Partindo dos apelos da diretora-geral do FMI, Kristalina Georgieva, e do secretário-geral da ONU, António Guterres, por “um novo ‘momento’ Bretton Woods”, Nobre observa que o chamamento feito por eles “é para uma transformação ainda mais profunda e abrangente, que vai além do estabelecimento de uma nova ‘governança econômica global’” como saída para “a crise econômica global do neoliberalismo, deflagrada a partir de 2008”. Segundo Nobre, essa é “uma batalha que está sendo travada dentro do próprio establishment neoliberal”, entre “a direita sem medo de se aliar à extrema direita e um novo progressismo que pretende reformar o neoliberalismo, livrando-se de suas versões mais extremistas”. O professor aponta que essa batalha pode propiciar oportunidades para que “governos do novo progressismo no Sul Global”, como o do Brasil atualmente, escapem da “armadilha neoextrativista” a que foram confinados pelo neoliberalismo. Para aproveitar essas oportunidades, o Brasil entretanto precisa investir na formulação de “uma teoria da dependência renovada”.

Neste texto, não apresentarei uma confrontação pontual às formulações de Marcos Nobre, mas uma leitura alternativa de conjunto, a partir das contribuições da economia política. Ao analisar a crise da regulação neoliberal sem as devidas conexões com a dinâmica sistêmica do capitalismo, Nobre navega na superfície dos movimentos da conjuntura, ficando impossibilitado de compreender a natureza dessa crise e as tendências das dinâmicas históricas. Dessa forma, também deixa de responder às questões cruciais que o seu artigo suscita. Como entender que a democracia esteja entrando em risco, inclusive nos países capitalistas centrais, em pleno século XXI? Por que a governança neoliberal entrou em crise e qual a natureza desta? Por que a extrema direita ressurgiu e está conseguindo, em pouco mais de uma década, dominar o campo da direita tradicional em inúmeros países importantes?

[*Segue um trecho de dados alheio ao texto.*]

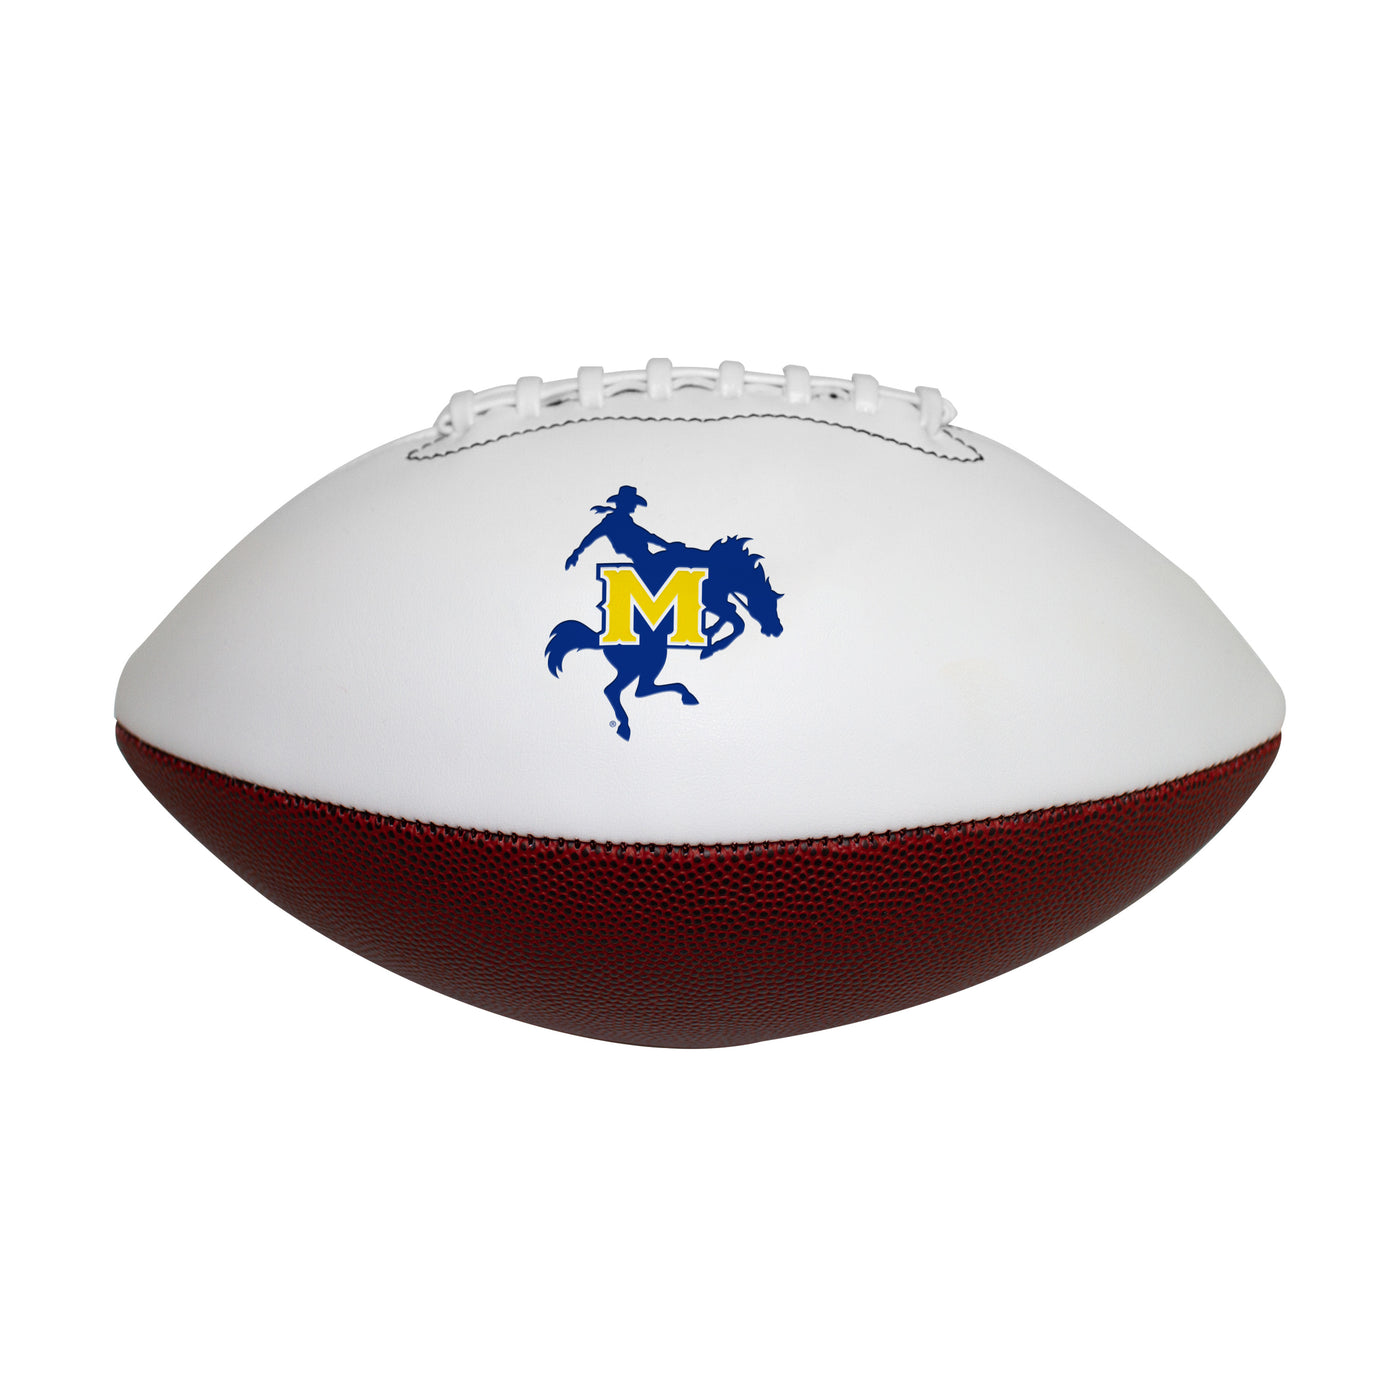 McNeese State Official-Size Autograph Football

Para responder a essas questões, estruturei este texto em cinco momentos. No primeiro, apresento as condições sócio-históricas que possibilitaram o nascimento da democracia. No segundo, analiso o surgimento da regulação neoliberal e qual o seu papel na governança global. No terceiro, descrevo a dinâmica sistêmica que levou à crise do neoliberalismo. No quarto, examino as condições que levam à eclosão da extrema direita e colocam a democracia em risco. No último, analiso como a associação dessa evolução histórica com o risco de colapso ambiental implica um imenso desafio civilizatório.

 

A democracia de massas talvez seja a mais virtuosa “invenção histórica” resultante do “pacto fordista”. Esse pacto foi configurado ao longo das três décadas de grande desenvolvimento econômico, a partir do final da Segunda Guerra Mundial (os anos chamados de “trinta gloriosos”, ou seja, entre 1945 e meados da década de 1970). O salto econômico – decorrente da incorporação industrial das tecnologias desenvolvidas na guerra e da expansão dos mercados, pela plena integração dos países às relações de produção capitalistas – gerou um contexto de grande ganho de produtividade com expansão do emprego.

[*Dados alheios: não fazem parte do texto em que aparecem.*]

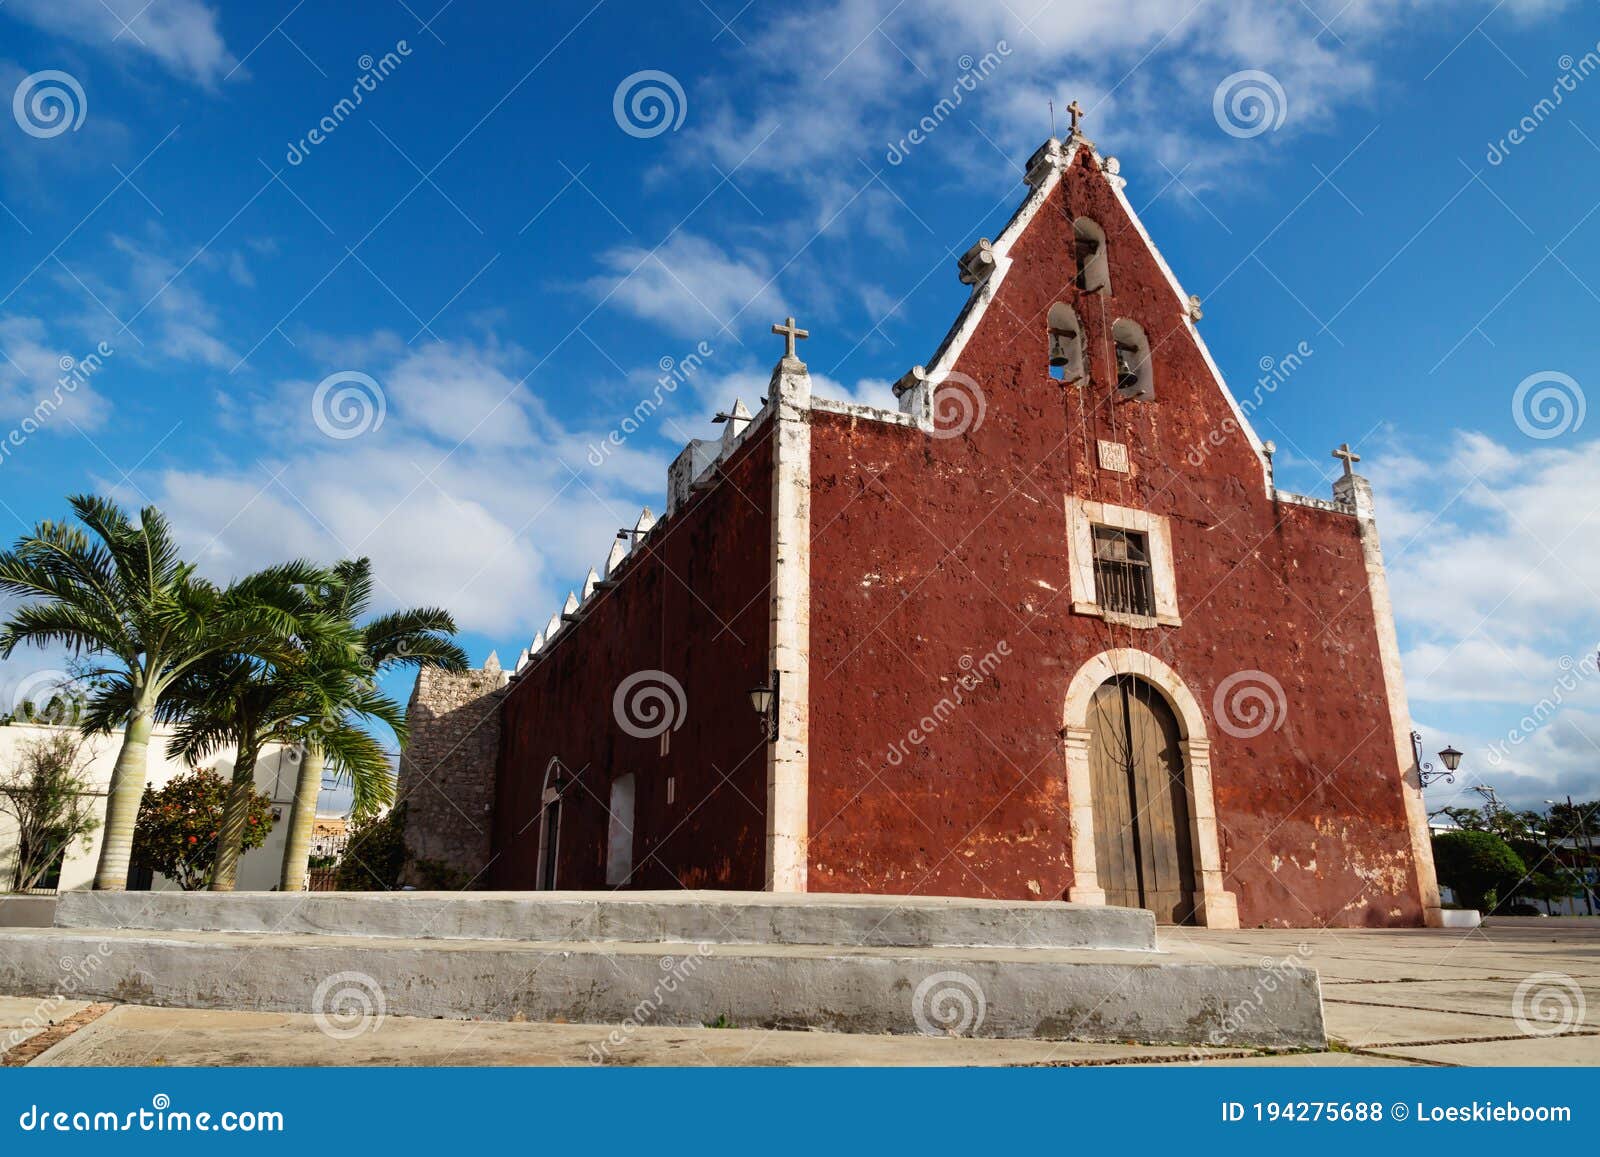 red colonial church itzimna in a park with palm trees, merida, yucatan, mexico

Ao mesmo tempo que essa expansão do emprego criou as condições para o surgimento de uma sociedade de consumo, a indústria passou a demandar trabalhadores saudáveis e educados para a produção. Essa demanda levou à acelerada expansão das políticas públicas de saúde, educação e urbanização, estruturantes do Estado de bem-estar social.

A dinâmica criada pela combinação da luta dos trabalhadores organizados – no contexto da derrota da extrema direita na Segunda Guerra –, com a integração social pelo trabalho, o consumo de massas e o Estado de bem-estar social, criou as condições para uma importante novidade histórica: a democracia de massas.

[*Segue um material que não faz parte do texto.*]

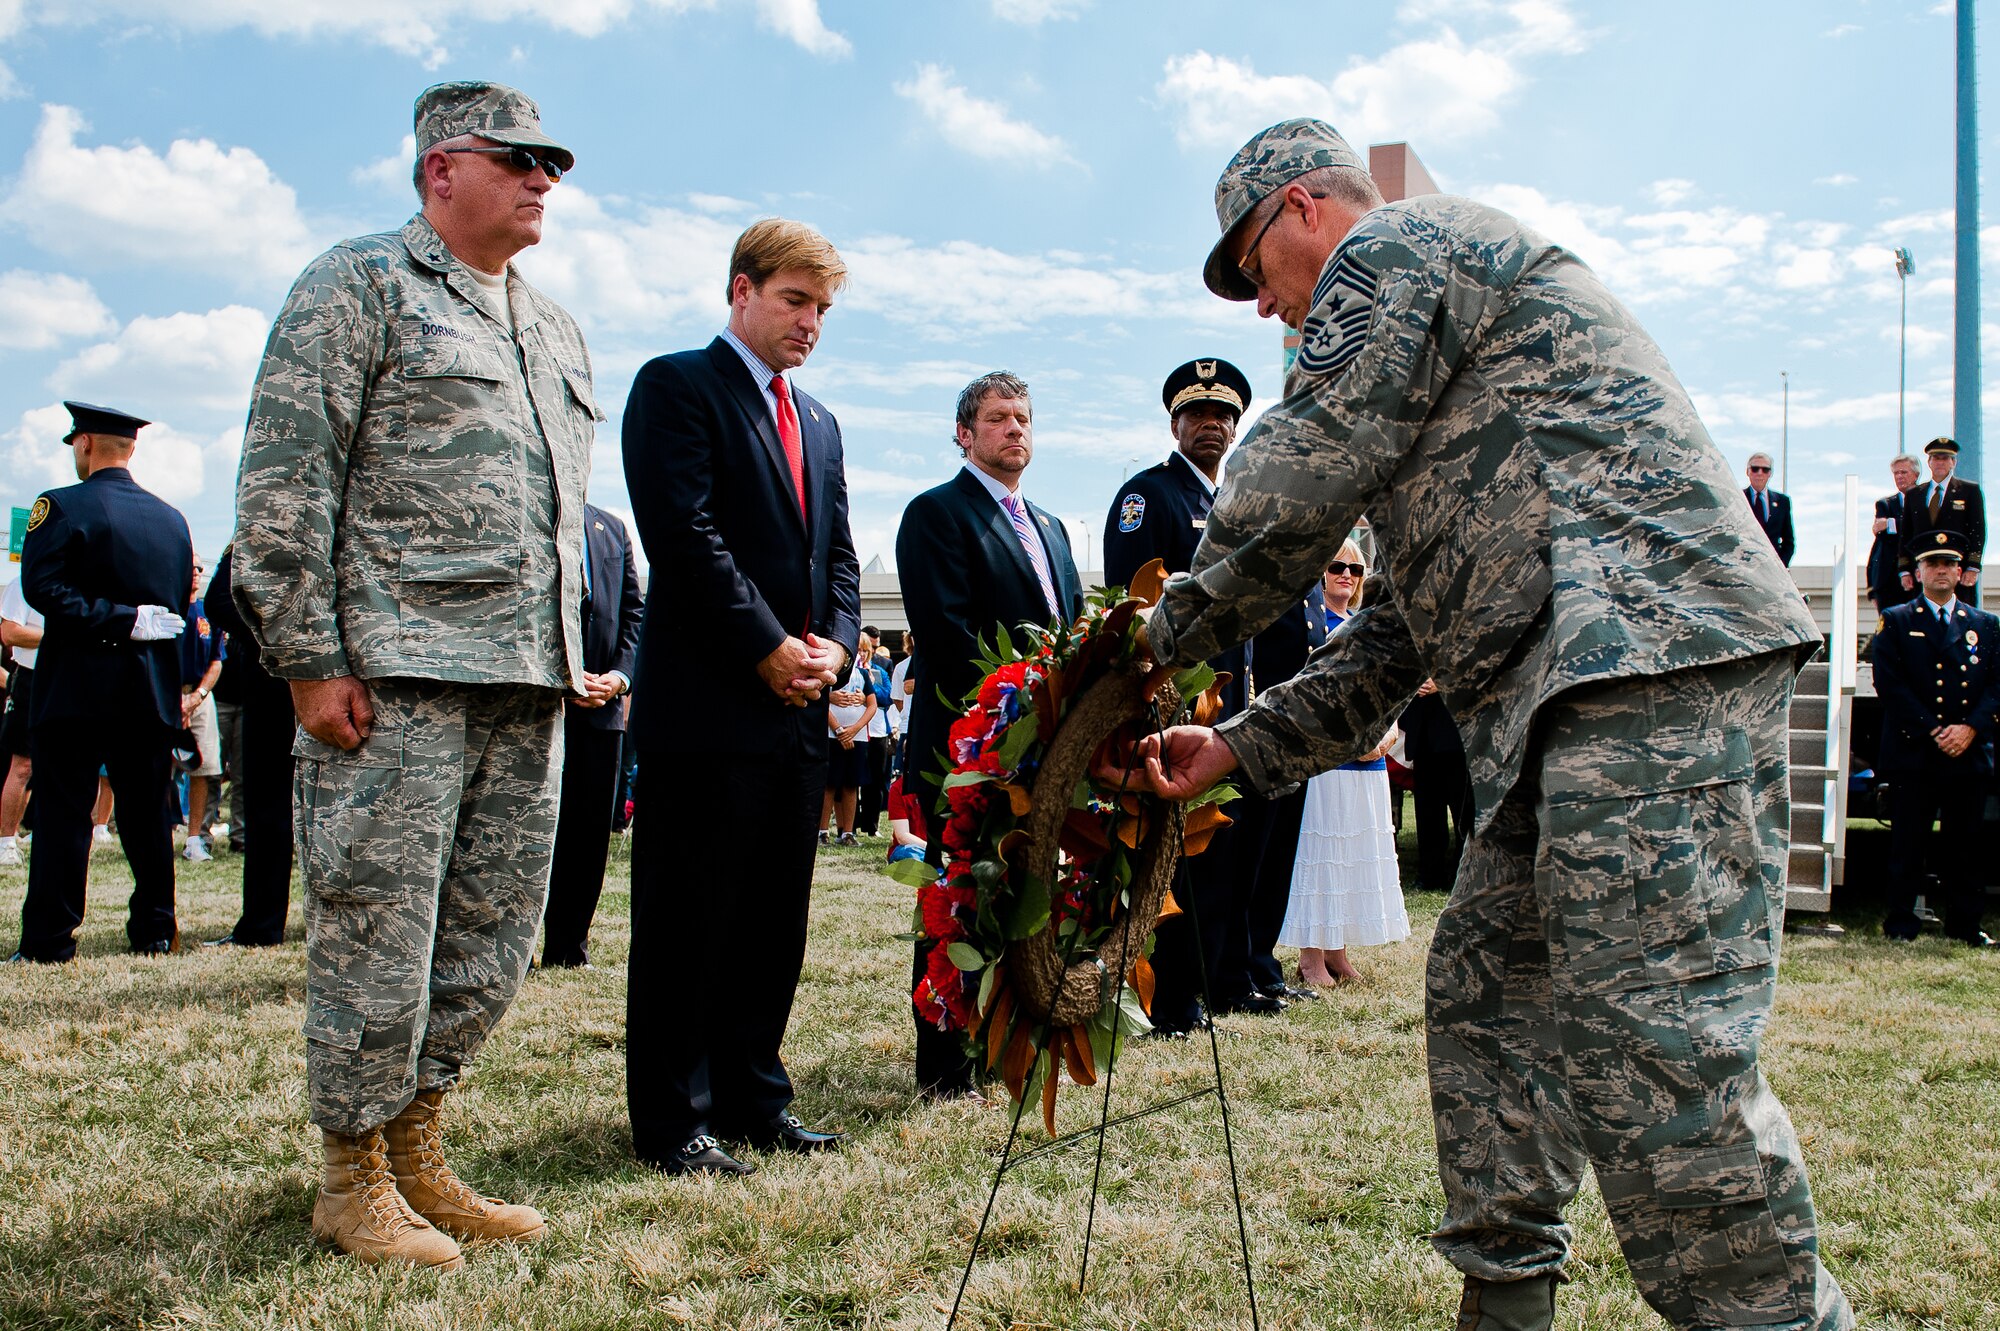 Brig. Gen. Michael Dornbush (left), chief of joint staff for the Kentucky National Guard's Joint Forces Headquarters, and Chief Master Sgt. James Smith, state command chief master sergeant (right), prepare to place a wreath in front of the 9/11 Memorial Sculpture at Waterfront Park in Louisville, Ky., Sept. 11, 2011, during city's 10th anniversary observance of the 9/11 terrorist attacks on the United States. The sculpture is made from steel taken from the wreckage of the World Trade Center. (U.S. Air Force photo by Maj. Dale Greer)

Independente das inúmeras críticas às limitações da democracia formal, cabe ressaltar a sua relevância como enorme inovação histórica. Pode-se caracterizar essa novidade como a passagem de uma gestão violenta das contradições sociais para uma gestão mediada por negociações políticas – políticas públicas e processos eleitorais. Essa novidade foi definida pelo professor de filosofia Paulo Eduardo Arantes, em A fratura brasileira do mundo: visões do laboratório brasileiro da mundialização (2023), como “um arranjo original de regulações e proteções desmercadorizadas”.

 

O pressuposto para a compreensão de qualquer nova modalidade de governança é que ela sempre é uma resposta às condições que conduzem ao fracasso ou à crise da forma de regulação anterior. Esse pressuposto leva a duas definições importantes: a primeira é que o neoliberalismo foi a resposta hegemônica à crise sistêmica do pacto fordista; e a segunda é que, para compreendermos o neoliberalismo, precisamos analisar as condições às quais ele veio a responder.

O pacto fordista entrou em crise na década de 1970, quando os ganhos de produtividade decorrentes do avanço do processo de automação e da síntese de novos materiais (possibilitado pela evolução da eletrônica e da química, tecnologias da Terceira Revolução Industrial, a partir de meados de 1950), levaram à redução da participação do trabalho no processo de produção. Como sintetiza o ensaísta político de Robert Kurz, em Poder mundial e dinheiro mundial: crônicas do capitalismo em declínio (2015), com a Terceira Revolução Industrial “pela primeira vez na história do capitalismo os potenciais de racionalização [do trabalho] ultrapassam as possibilidades de expansão dos mercados”.

A retração acelerada da participação do trabalho vivo na produção passou a comprometer o processo de valorização do capital, com a decorrente redução da lucratividade das empresas, conforme observa o professor e ensaísta Marildo Menegat, no livro Estudo sobre ruínas (2012): “Esse enxugamento do trabalho afetou irreversivelmente a acumulação de valor do capital total.”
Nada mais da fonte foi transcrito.